Turning to actual humans, the researchers looked more closely at actual alpha waves, and found the same thing happening. Alpha waves have been considered odd in that, while generally the strongest of all brain waves, and the first to be characterized, they are strongest while resting, (awake, not sleeping), and become less powerful when the brain is actively attending/watching, etc. Now it turns out that what had been considered the "idle" brain state is not idle at all, but a sign of existing models / expectations being propagated in the absence of input- the so-called default mode network. Tracking the direction of alpha waves, they were found to travel up the visual hierarchy when subjects viewed screens of white noise. But when their eyes were closed, the alpha waves traveled in the opposite direction. The authors argue that normal measurements of alpha waves fail to properly account for the power of forward waves, which may be hidden in the more general abundance of backward, high-to-low level alpha waves.

Example of EEG from human subjects, showing the directionality of alpha wave travel, in this case forward from input (visual cortex in the back of the brain) to higher brain levels.

"Therefore, we conjecture that it may simply not be possible for a biological brain, in which communication delays are non-negligible, to implement predictive coding without also producing alpha-band reverberations. Moreover, a major characteristic of alpha-band oscillations—i.e., their propagation through cortex as a traveling wave—could also be explained by a hierarchical multilevel version of our predictive coding model. The waves predominantly traveled forward during stimulus processing and backward in the absence of inputs. ...  Importantly though, in our model none of the units is an oscillator or pacemaker per se, but oscillations arise from bidirectional communication with temporal delays."
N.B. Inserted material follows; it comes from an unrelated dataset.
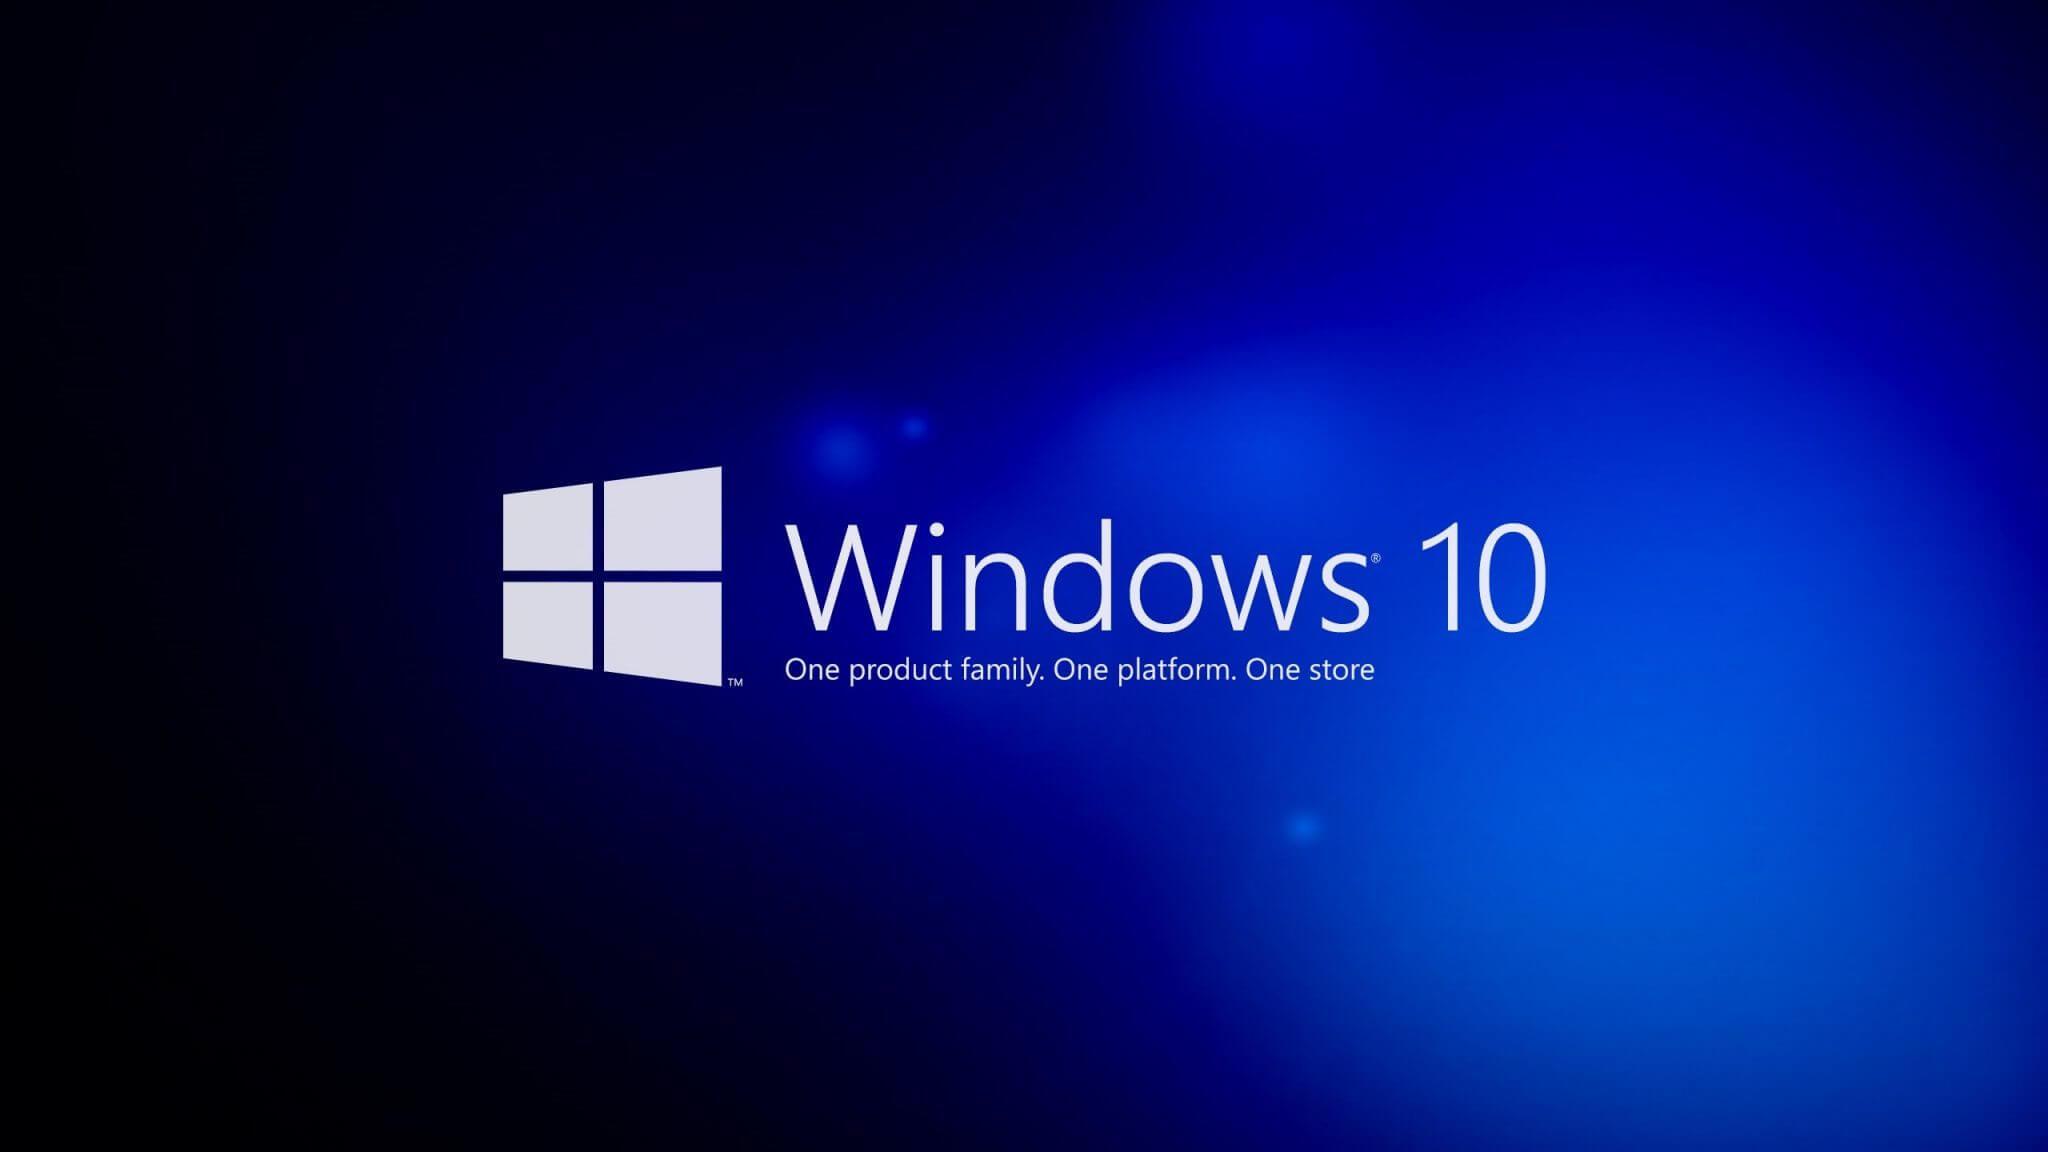 Windows 10 Technology HD Wide Wallpaper - Microsoft libera Windows 10 Insider Preview Build 14986 para PC. Confira as novidades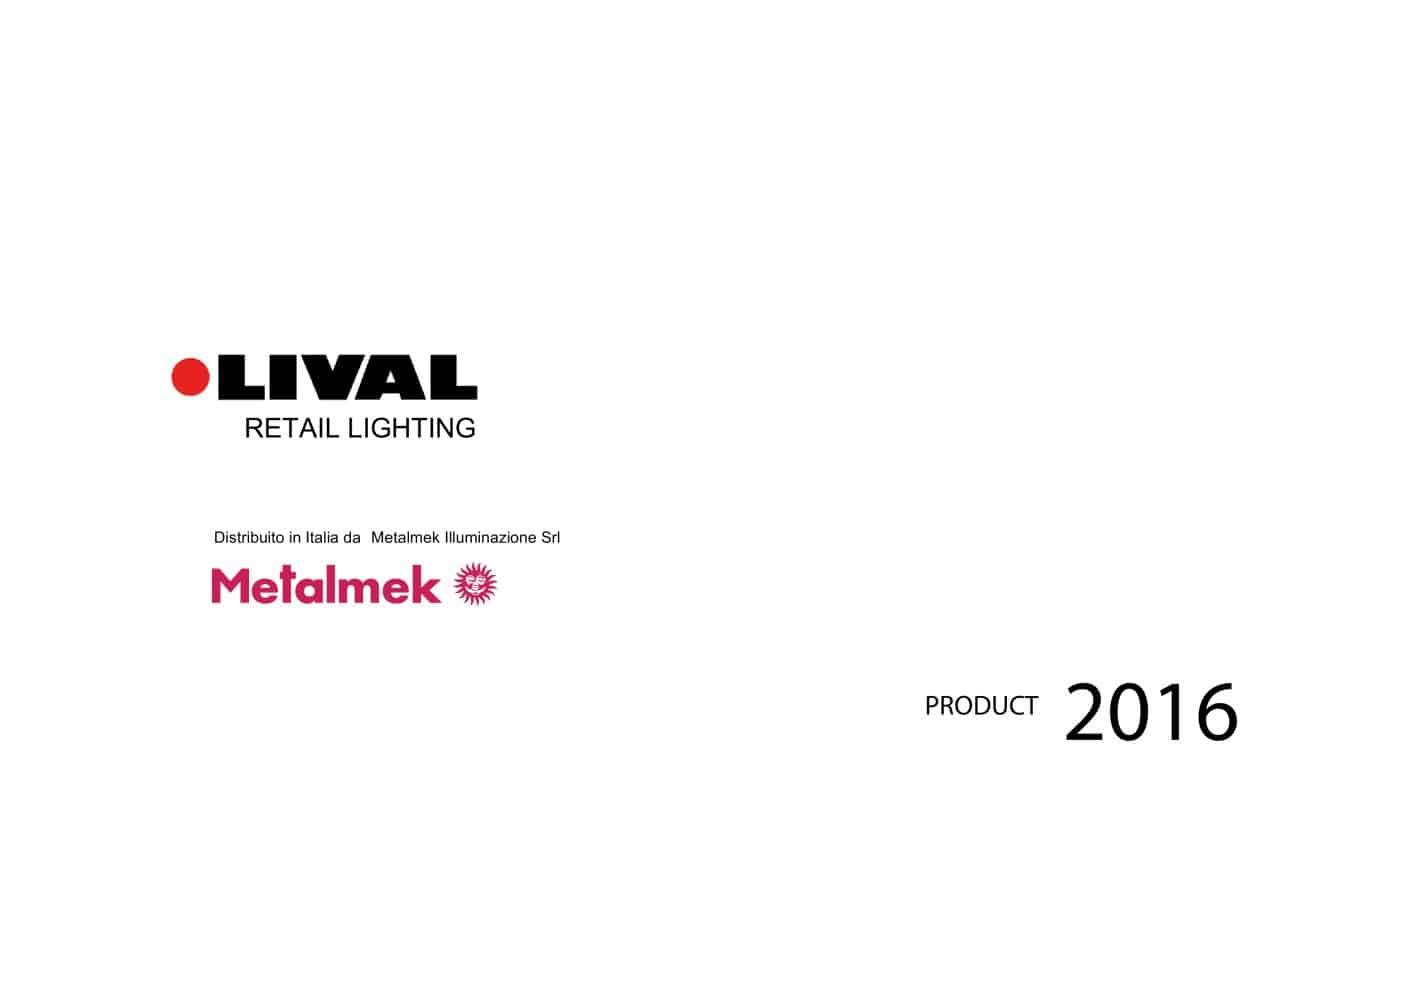 LIVAL RETAIL Catalog 2016 - Metalmek Illuminazione - PDF Catalogues ...

Thus brain waves are increasingly understood as a side effect of functional synchronization and, in this case, intrinsically associated with the normal back-and-forth of data processing, which looks nothing like the stream of data from a video camera, but something far more efficient, using a painstakingly-built internal database of reality to keep tabs on, and detect deviations from, new sensations arriving. It remains to ask what exactly this model function is, which the authors term y(t) - the data sent from higher levels to lower levels. Are higher levels of the brain modeling their world in some explicit way and sending back a stream of imagery which the lower levels compare with their new data? No- the language must far more localized. The rendition of full scenery would be reserved for conscious consideration. The interactions considered in this paper are small-scale and progressive, as data is built up over many small steps. Thus each step would contain a pattern of what is assumed to be the result of the prior step. Yet what exactly gets sent back, and what gets sent onwards, is not intuitively clear.